> [Your assignment]: No picture belongs in the answer, which must hold exactly the lines from the one with "Un salon de" through the final line below.

> [Input data]:
[Start of section]

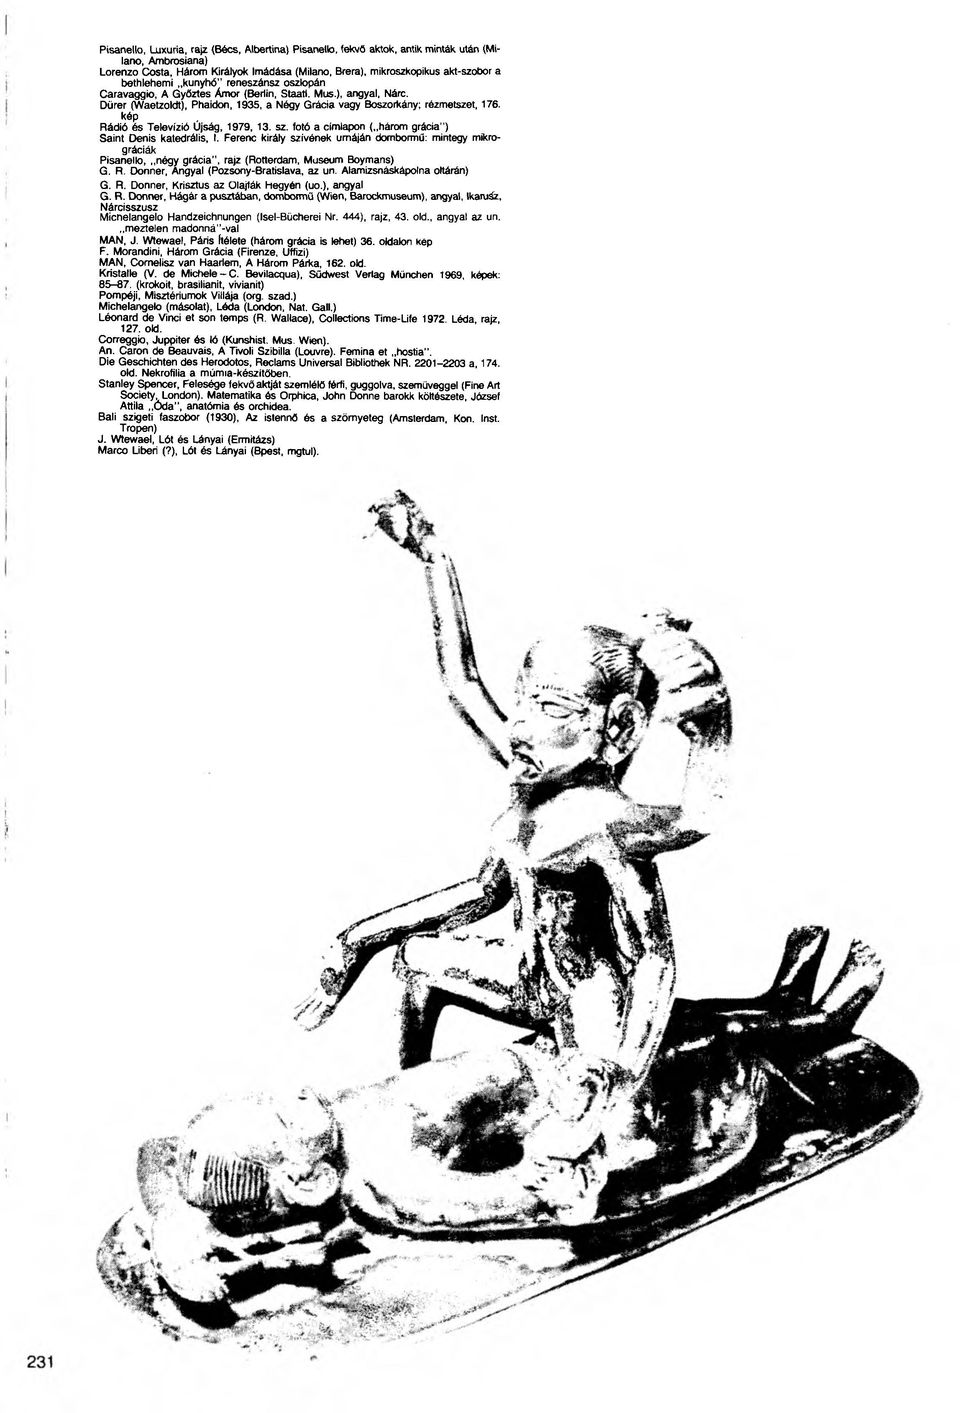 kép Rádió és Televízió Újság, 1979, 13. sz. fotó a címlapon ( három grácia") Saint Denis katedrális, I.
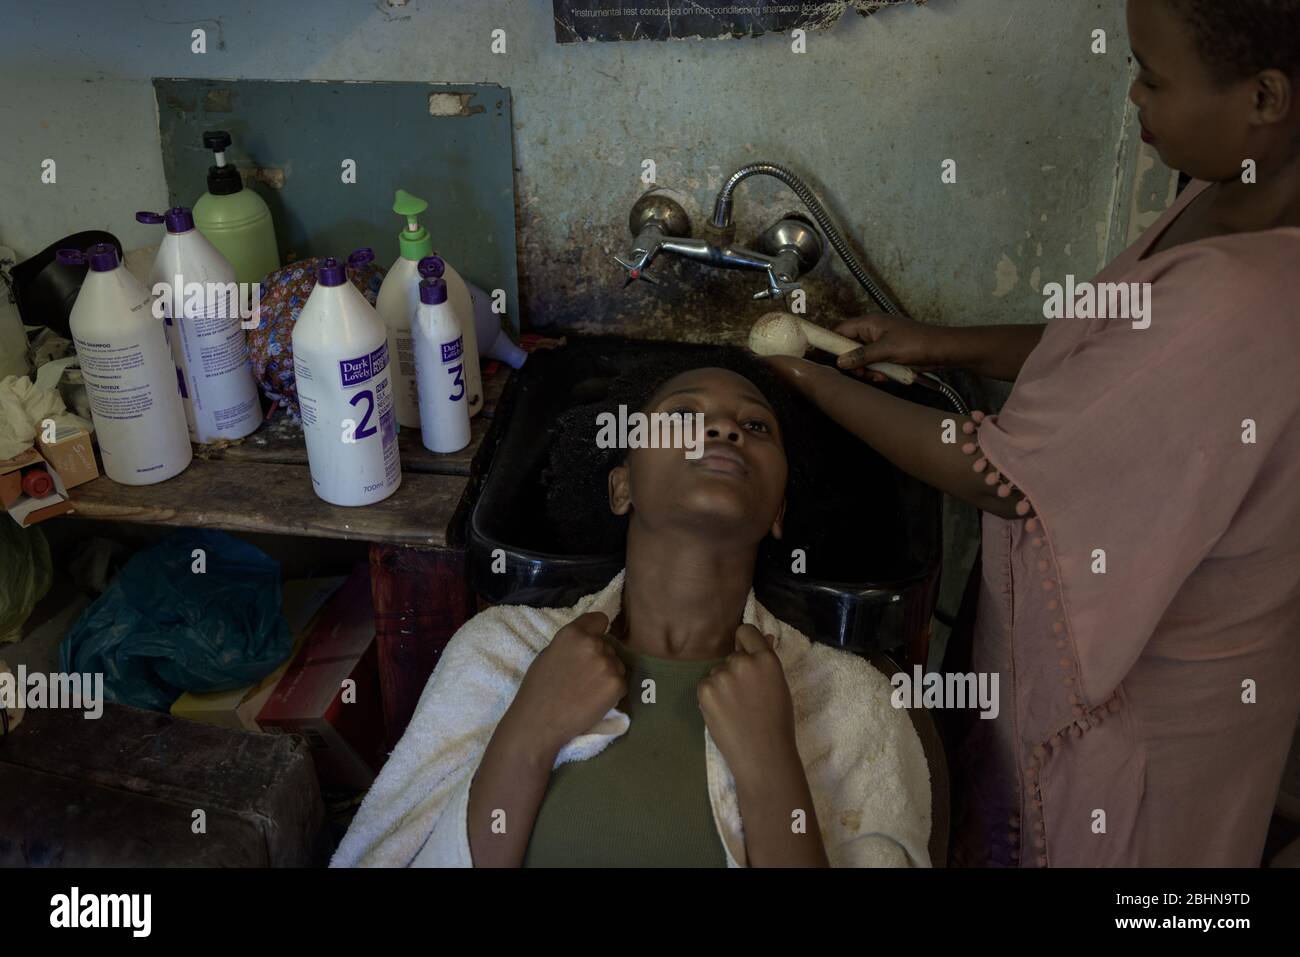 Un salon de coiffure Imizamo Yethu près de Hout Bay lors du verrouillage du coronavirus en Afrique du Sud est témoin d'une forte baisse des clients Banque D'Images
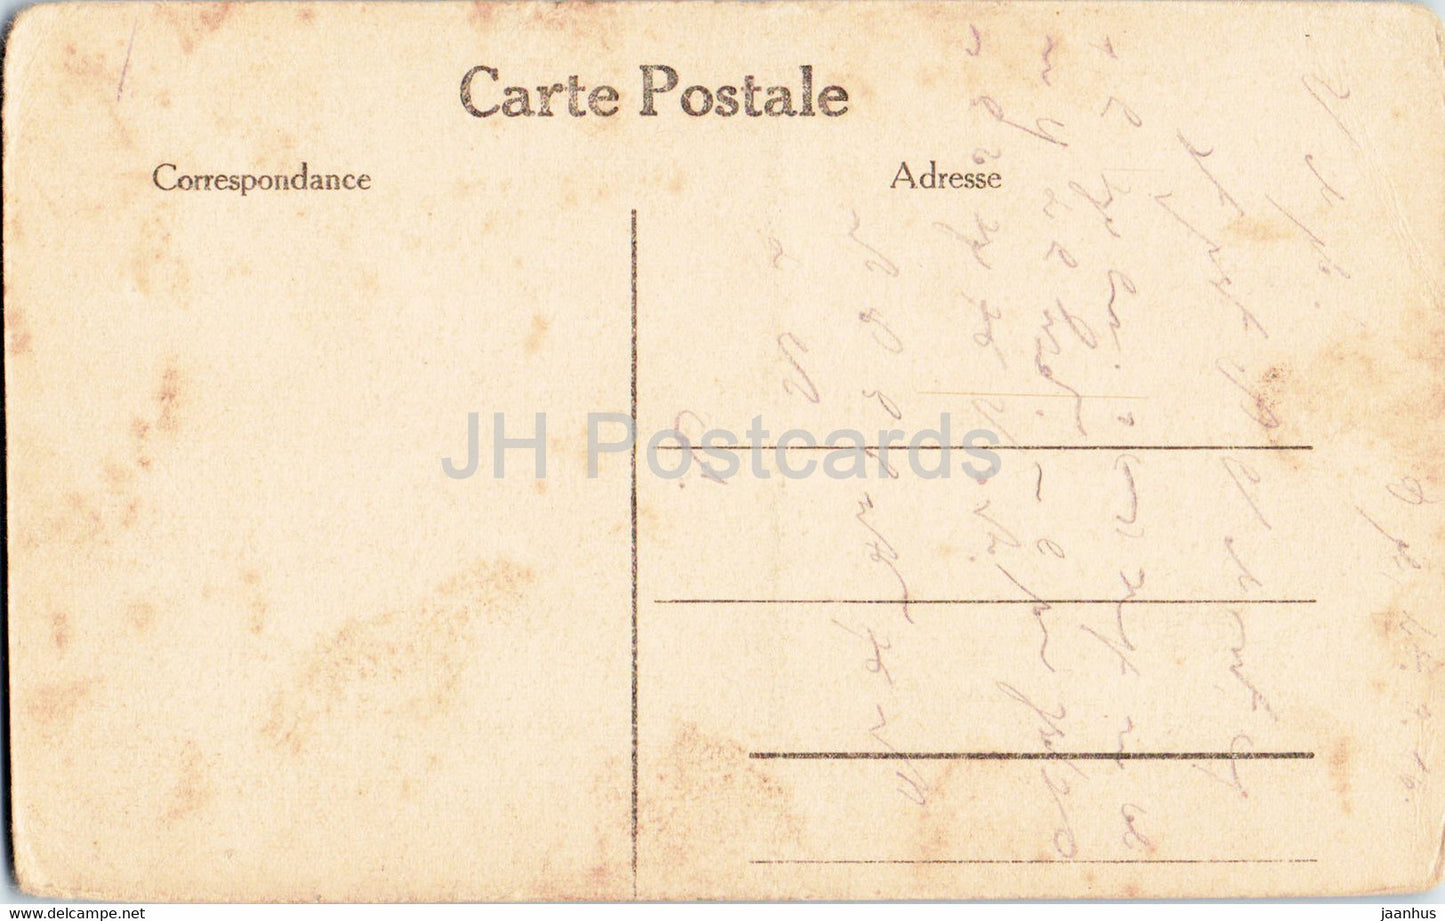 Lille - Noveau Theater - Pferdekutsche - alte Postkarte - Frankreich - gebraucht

[End of section]

> [Written response]:
 Un salon de coiffure Imizamo Yethu près de Hout Bay lors du verrouillage du coronavirus en Afrique du Sud est témoin d'une forte baisse des clients Banque D'Images
 Lille - Noveau Theater - Pferdekutsche - alte Postkarte - Frankreich - gebraucht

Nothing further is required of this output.